The Common Provenance Model

Provenance information is information about the history of an object, and depending on its content, it can be used to verify the quality and reliability of research results. In particular, provenance has been adopted in scientific domains to support a traceable lineage of research objects, such as biological material, data, or workflows. The purpose of provenance information is not to replace existing logging infrastructures or information systems that currently handle documentation of research objects and related processes or their metadata. Provenance information serves as long-term available information that can be typically used to assess the quality of the documented object (fitness for purpose) or to reproduce documented processes.

As the research objects are typically exchanged between organisations, each organisation can provide provenance information only about a portion of the documented research object’s life-cycle.
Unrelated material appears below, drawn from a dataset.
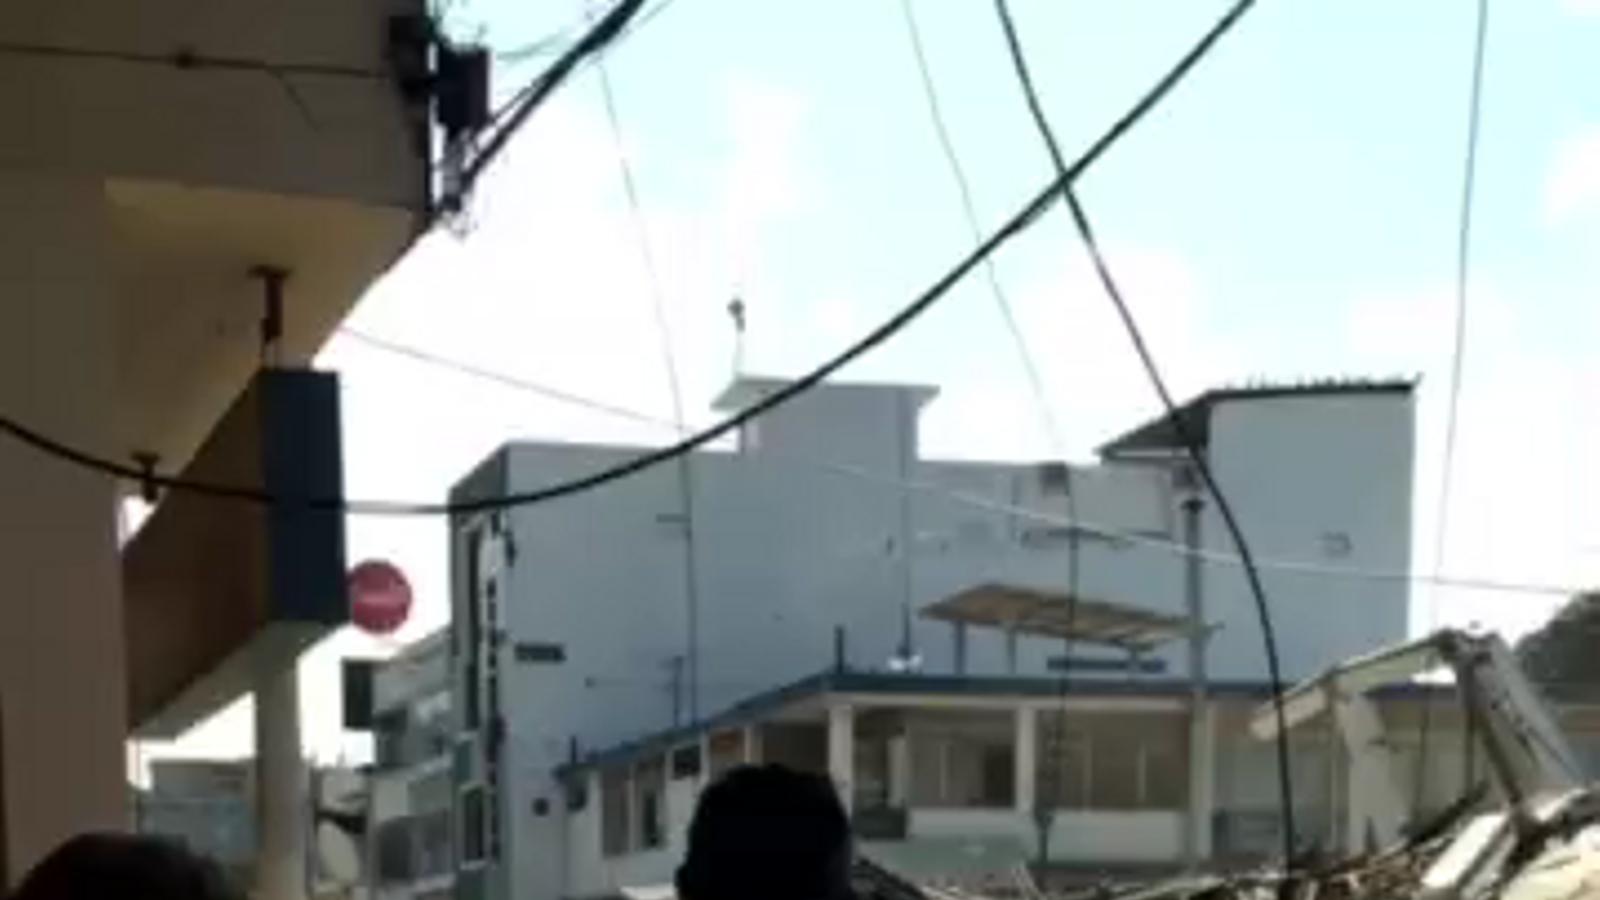 Imatges del terratrèmol de l'Equador enviades als familiars a Barcelona

The Common Provenance Model (CPM) is a provenance model to capture and exchange interoperable provenance information, creating a common ground  across different domains in the Life Sciences and building a harmonised understanding of provenance information.

The CPM is focused on, but not limited to, provenance of research objects, such as datasets, biological or environmental specimens, computational models, software, tools, or experimental results. The CPM supports reproducibility by providing a conceptual foundation for trustworthy provenance information, where each of its parts is generated, stored, and managed by a different organisation. In particular, the CPM defines a common horizontal framework to represent links between the provenance parts, and to represent common semantics to bind domain-specific provenance information. 

The model forms an open conceptual foundation for the ISO 23494 – Provenance information model for biological material and data series.